The Lies our Children are Absorbing

The Boston Herald

You look at her and see a child still, because that's what she is, a slim, pretty girl in a T-shirt and jeans, 12 and in no hurry to be 13. “I don't want to grow up,” she tells me as she's beating me at Spit, a card game I have yet to win. “I like being a kid.”

“You'll like being an adult, too, I promise. It comes with some tremendous perks. You get to pick out all the food at the grocery store, plus you can have dessert before dinner any time you want.”

“But you don't like going to the grocery store, Beverly,” Xena reminds me as she beats me at yet another game.

I am so lucky to be sharing in these final days of Xena's childhood. She draws, writes, fixes up the doll house, bounds down the steps morning, noon and night, is always eager to go for a walk and doesn't ever say, “ I'm ugly.” “I'm fat.” “I’m bored.”  Or, “There's nothing to do.”

She loves horses and dogs and cartoons and that sticky sweet Rice Krispies cereal that sticks in your teeth and fireballs and freeze pops and sitting on the couch and being told stories and telling stories and swimming any time, day or night.
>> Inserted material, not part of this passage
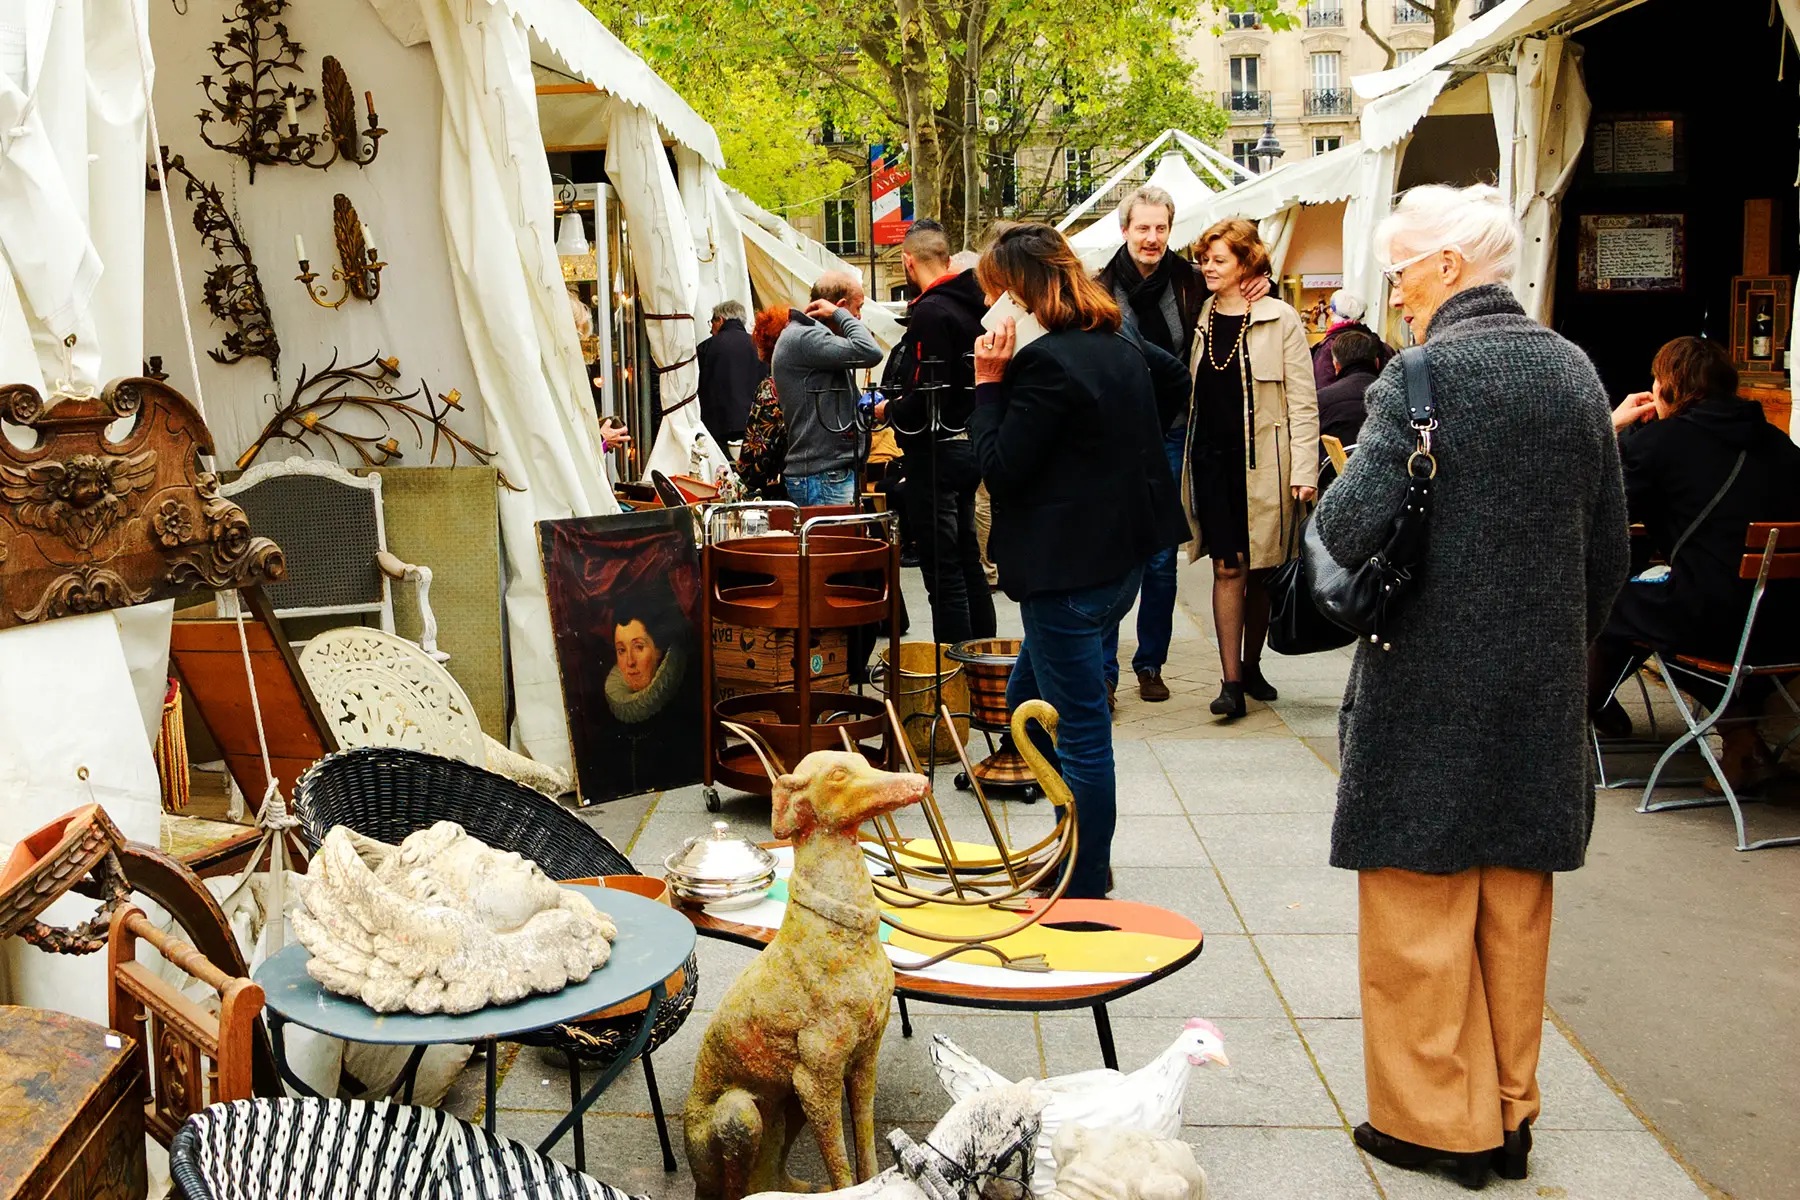 Household shopping in France: paint, plants, and more | Expatica

She actually likes the adults she's with and the adults she's left behind and is seemingly unaware of how little we know and how out of step we really are.

And you watch her and you think- you are deluded into believing - that because of all this, because of her spirit and her shining innocence, that Xena knows nothing of the world.

But she does.

What the world has taught this very idealistic, incredibly sweet little girl is that more often than not people cheat on their spouses. Fathers who used to read to their children every night, one day leave and no matter how much they say they love their children, they end up loving someone else more.

And then the kids have to move to another house or another town and switch schools and make new friends or the mother has to get a job and then no one has any money and that's just the way it is.

You cannot count on fathers to stick around is the theme.

Xena tells me this in bits and pieces and not in these words. She tells me the life stories of all of her friends and the common thread is this. “Do you ever worry that your parents will get a divorce?”  I ask her and she says, “No. Not really.” But how can she not?

When we sit and watch television, and we don't very often, mostly we stick to Disney films and home movies, but the few times we have turned into regular programming, there's been the inevitable infidelity. When we saw “The Horse Whisperer,” a beautiful movie, what do you know, there was the injured child's mother, indifferent to her husband while falling for some other man.

And Xena didn't flinch.

When we watch the news, it's the same thing. President Clinton/ Monica Lewinsky and all the talk that goes with this pair.

Xena understands.

A friend with teenage children says all 12-year-olds are like this. It's just the way it is. They know things we never dreamed about at their age.

I see this child's reluctance to grow up. I see her looking around and looking ahead and wanting to go back and hanging back so she can hang on to what she knows.

She knows that now is good and that the future frightens her.

Happily ever after was a lie, but so is unhappily ever after, which is the ending that so many of today's kids are starting to believe.